For this reason, when you start dealing with (possibly) remote
objects in a distributed scenario, you generally shift your
semantics from reference to value. (c.f. Remote EJB APIs)
Unfortunately, the Servlet Specification, whilst clearly
mandating that every session attribute must be of a type that
the container knows how to move from VM to VM omits to mention
that a possible impact of doing this is an important shift in
semantics. This is exacerbated by the fact that, unlike EJBs,
which have been designed specifically for distributed use, the
httpsession API does not change (c.f. Local/Remote) according to
the semantic that is required, which is simply a single
deployment option. This encourages developers to believe that
they can make a webapp that has been written for Local use, into
a fully functional distributed component, simply by adding the
relevant tag to the web.xml. All attendant problems are
delegated, by spec and developer, to the unfortunate container
provider.
Thus the container provider must make a choice here
-
continue to support reference-based semantics in which case
migration may only occur when there are no active threads for
a session and there is an implicit contract between container
and containee that objects deriving from a session will not
have their references compared to objects deriving from
elsewhere, whose lifecycles may span across such periods.
-
make an explicit new contract that states that all interaction
with session attributes is by value and comparisons should
only be made in this way.

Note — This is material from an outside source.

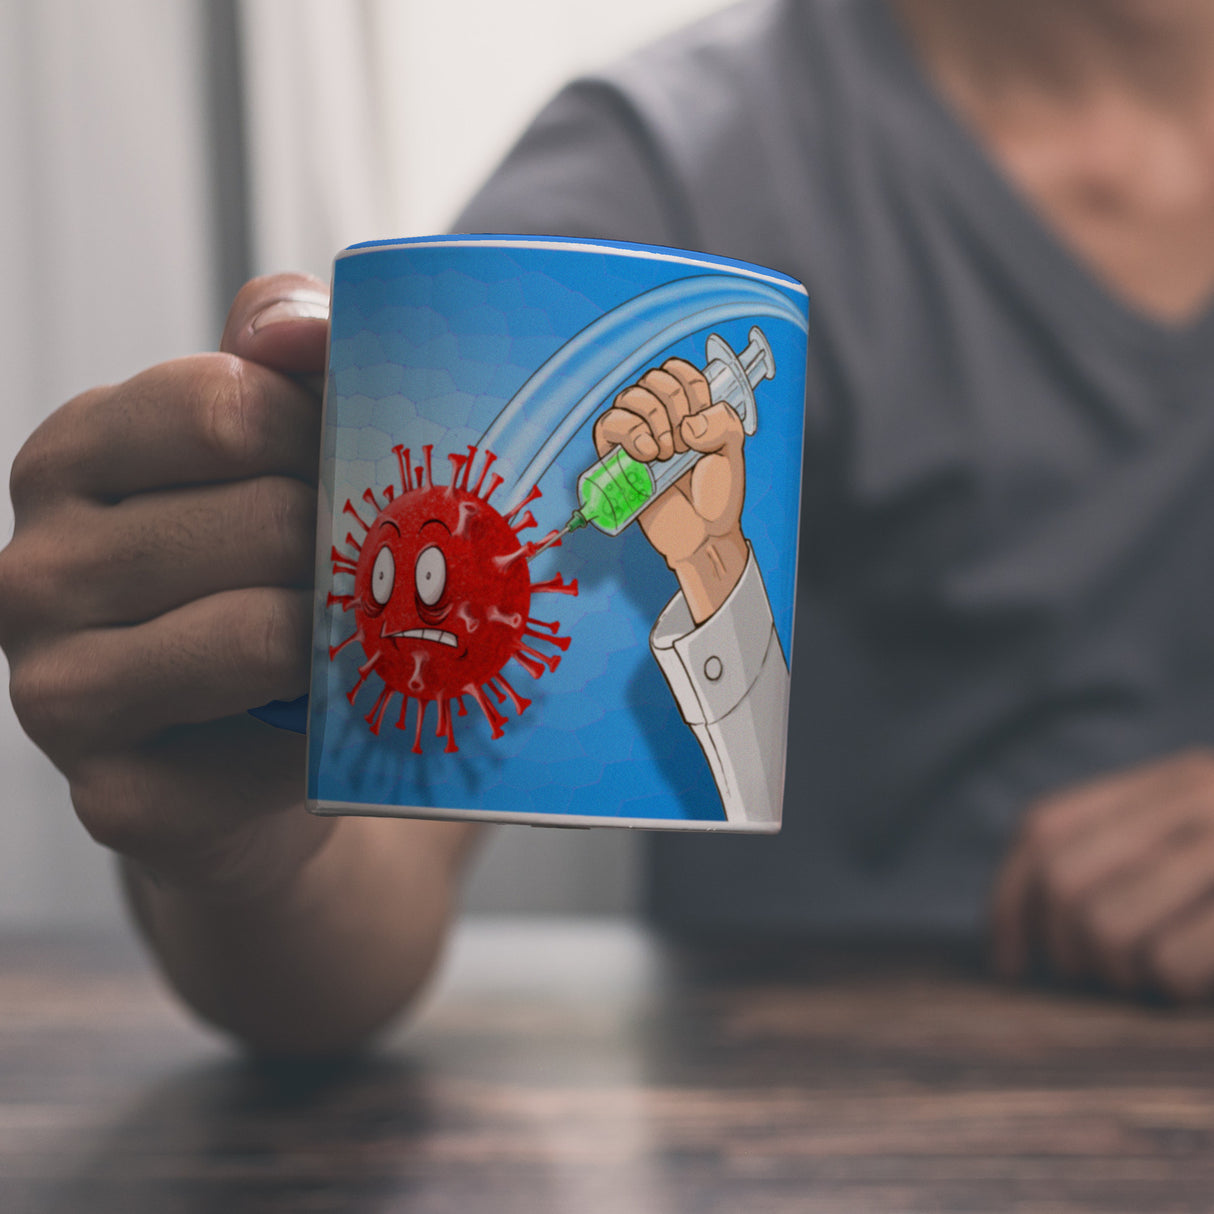 Kaffeebecher mit Virus und Spritzen Motiv - Geimpft! Lustiger Impfhumor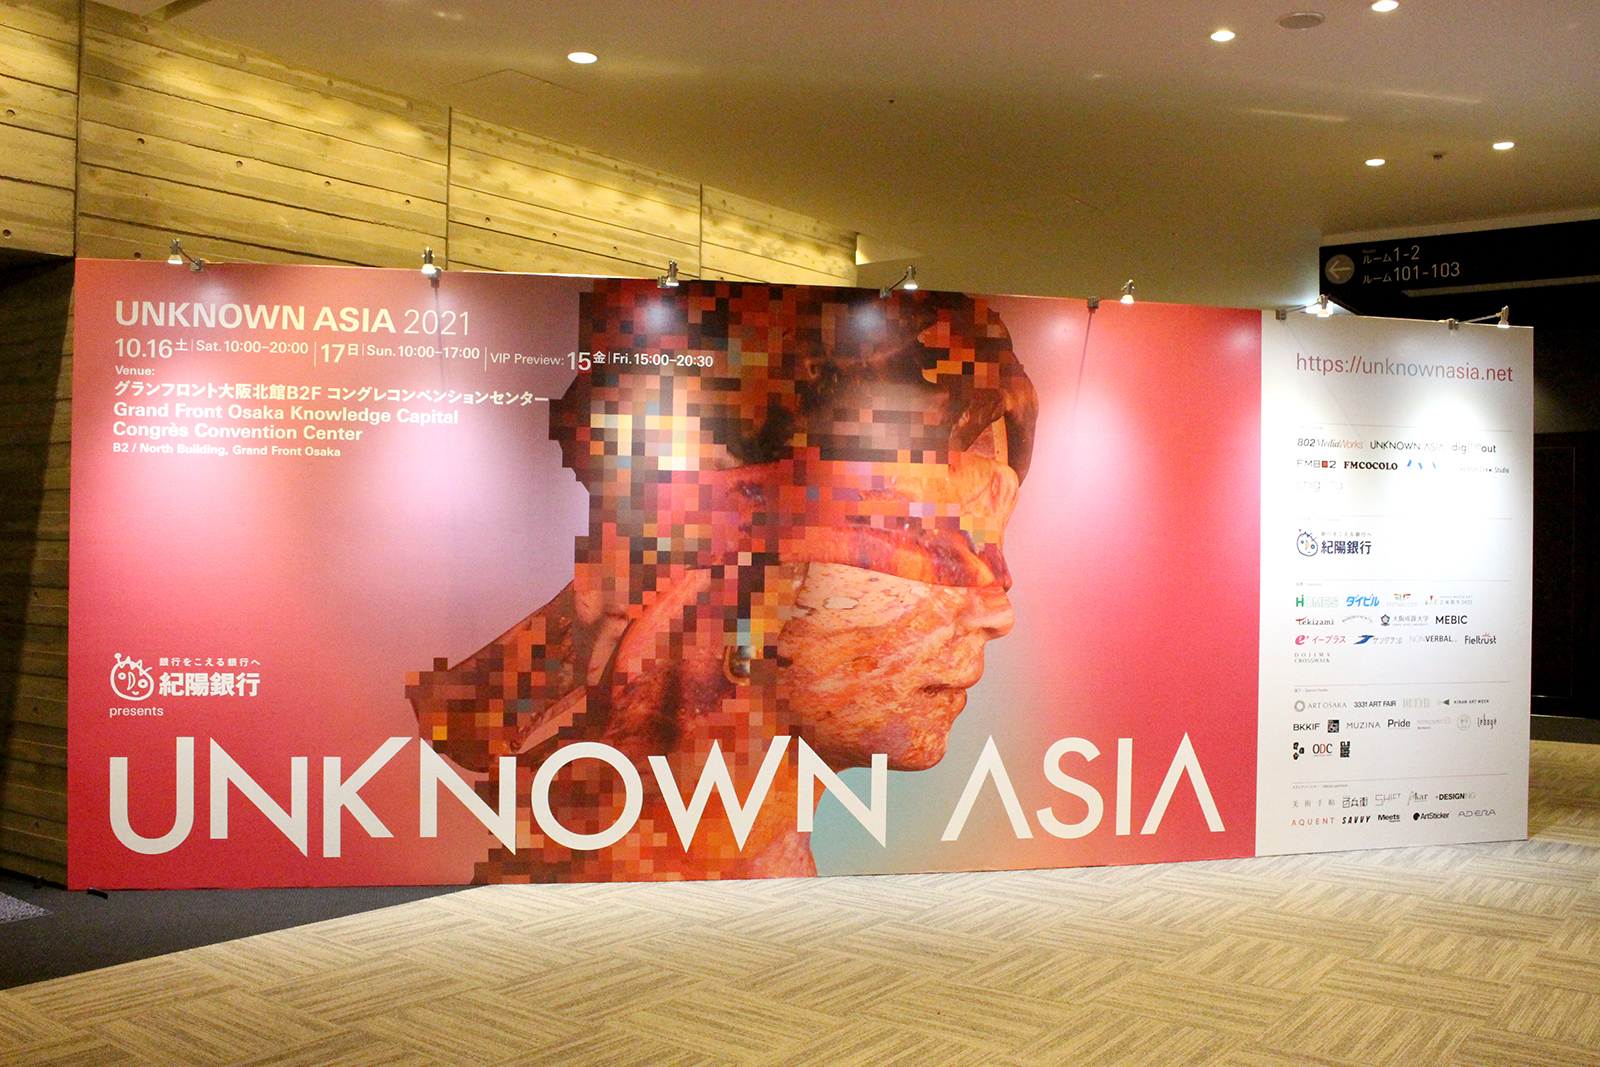 関西で開催されている秋のアートフェア『紀陽銀行 presents UNKNOWN ASIA 2021』

The full ramifications of this
choice should become apparent as we progress further in this
paper.
Object Identity, Object Streams and Synchronisation
TODO - I guess Object Identity can only be preserved within a
single Object tree ? so attribute-based distribution will not
recognise the same object shared between different attributes
How can we guarantee, unless we know that no other threads are
running, the synchronisation of values as we stream them out of
the container ?
Session Backup - When
The answer to the concern of lost data is to frequently ship
backup copies off-node, so that in the case of its catastrophic
failure, we have a fallback position. The freshness of our
backup data depends directly on the frequency of this
process. This frequency is bounded by resource concerns and the
contract between container and containee, as discussed above.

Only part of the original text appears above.